Enginseer Osiron’s warning flashed through the vox network, squad by squad. No one was surprised. Hopes had hardly been high of the mission being a success, and many of the 88th had questioned the initial orders to reinforce the Janus 6th in such a tactically unviable location. The green unit had pushed too far, too fast, and it was down to the Cadians to get in there and do their best to keep the fresh meat alive. In theory.
Of course, there was only so much you could do when the regiment you were supposed to reinforce was already annihilated by the time you arrived.

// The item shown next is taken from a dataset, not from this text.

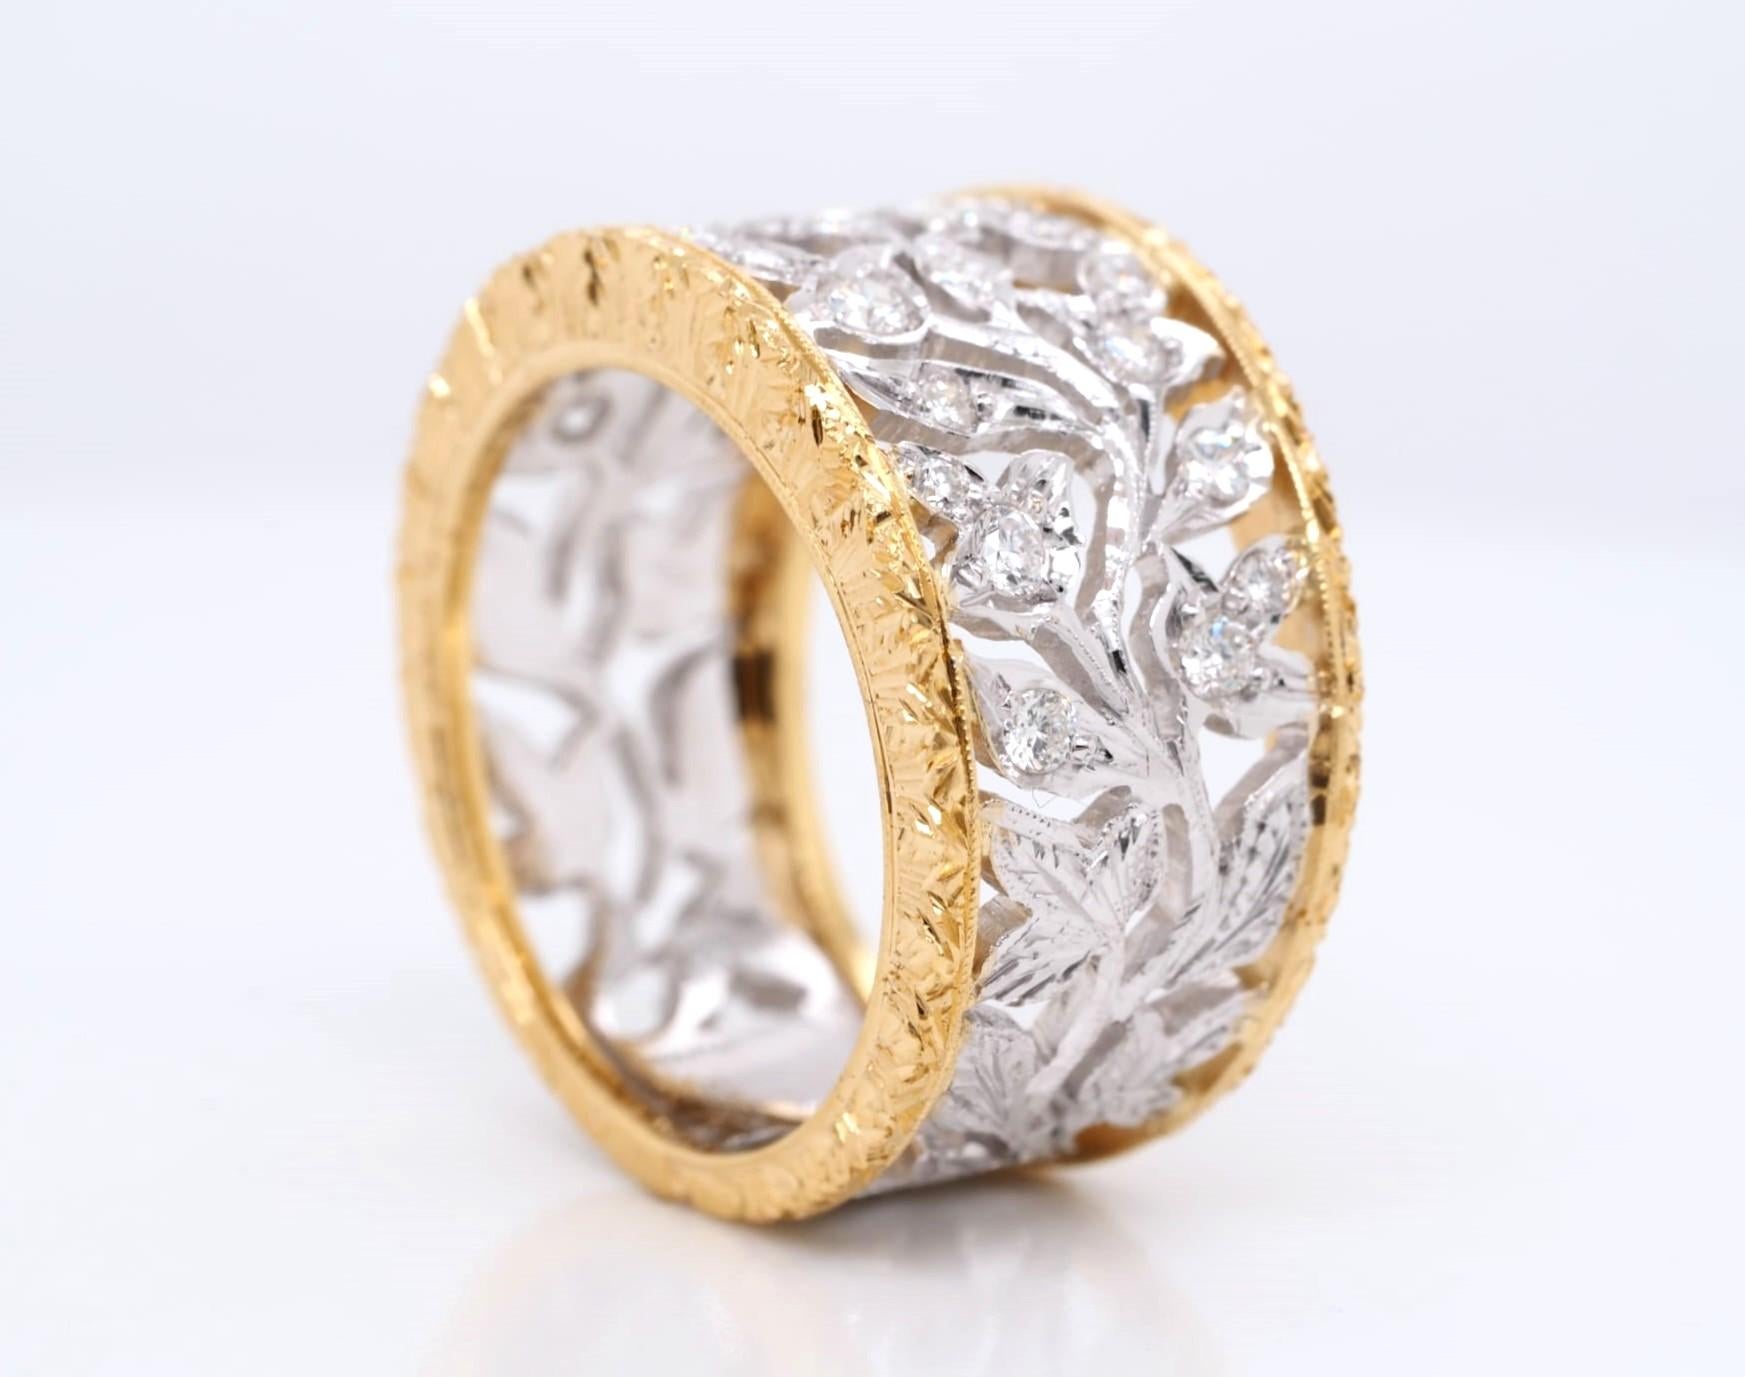 This beautiful vintage 18K yellow and white gold band ring features 24 round cut diamonds with a total carat weight of 0.60 ct. The diamonds are set in a prong setting style and are graded as very slightly included (VS1) in clarity and G in color

Taan Darrick crouched behind a row of stone pews, clutching his battered lasrifle. Chunks of his cover broke away in flying pieces or were disintegrated outright by the bite of heavy bolter rounds. His glance kept flicking up to the stained glass dome thirty metres above his hiding place. Kathur Reclamation protocol was adamant about avoiding collateral damage, but any second now, Kathur Reclamation protocol was about to go to hell.
Deft fingers ejected his rifle’s spent power pack. The sickle-shaped magazine fell into his free hand, and he stored it in his webbing.
“Machine-spirit, forgive my actions. Soon you shall be whole again.” The Litany of Unloading. Taan’s voice was cool and unshaking. Cadian blood, ice in the veins. There was no way he’d let himself die here.
He slammed the fresh power cell in and pulled the recharge slide, now speaking the Litany of Loading.
“Machine-spirit, accept my gift. Swallow the light, and spit out death.” Simple words. Even silly, in other circumstances. A grunt’s attempt at something poetic. Yet Darrick had been saying the same words since he’d loaded his first lasgun at age four. They made him grin now. Funny how certain things gain such significance.
The last time he’d raised his head above the row of seats, he’d counted close to seventy of the Remnant scattered in a loose line, their numbers punctuated by hastily erected heavy weapons emplacements. Seventy soldiers. There had been over a hundred a few minutes ago.
Seventy left.
Taan looked left and right, counting his own remaining men as they crouched in the makeshift trench, sheltered from the onslaught by the rapidly-eroding stone pews.
He counted twelve. Wonderful. That’s just wonderful.
“Darrick to His Holy Blade . In the name of the Emperor, where are you?”
“On approach, Alliance. Cruor requests pict detail of deployment.”
“Do I sound like I have time to start a career as a taker of rare and beautiful picts? We’re pinned. You hear that gunfire? That’s not us shooting, you son of—”
Taan was Cadian, born in a barracks and bred under the violet sky. Even as he ranted, he focused the lens of the picter attached to the side of his helmet, and took a peek—no longer than a heartbeat—long enough to take a single pict of the wall of Remnant forces across the circular chorus chamber. All the while, he swore. Darrick ducked again just as a lasbolt burned the stone black an inch from his eye.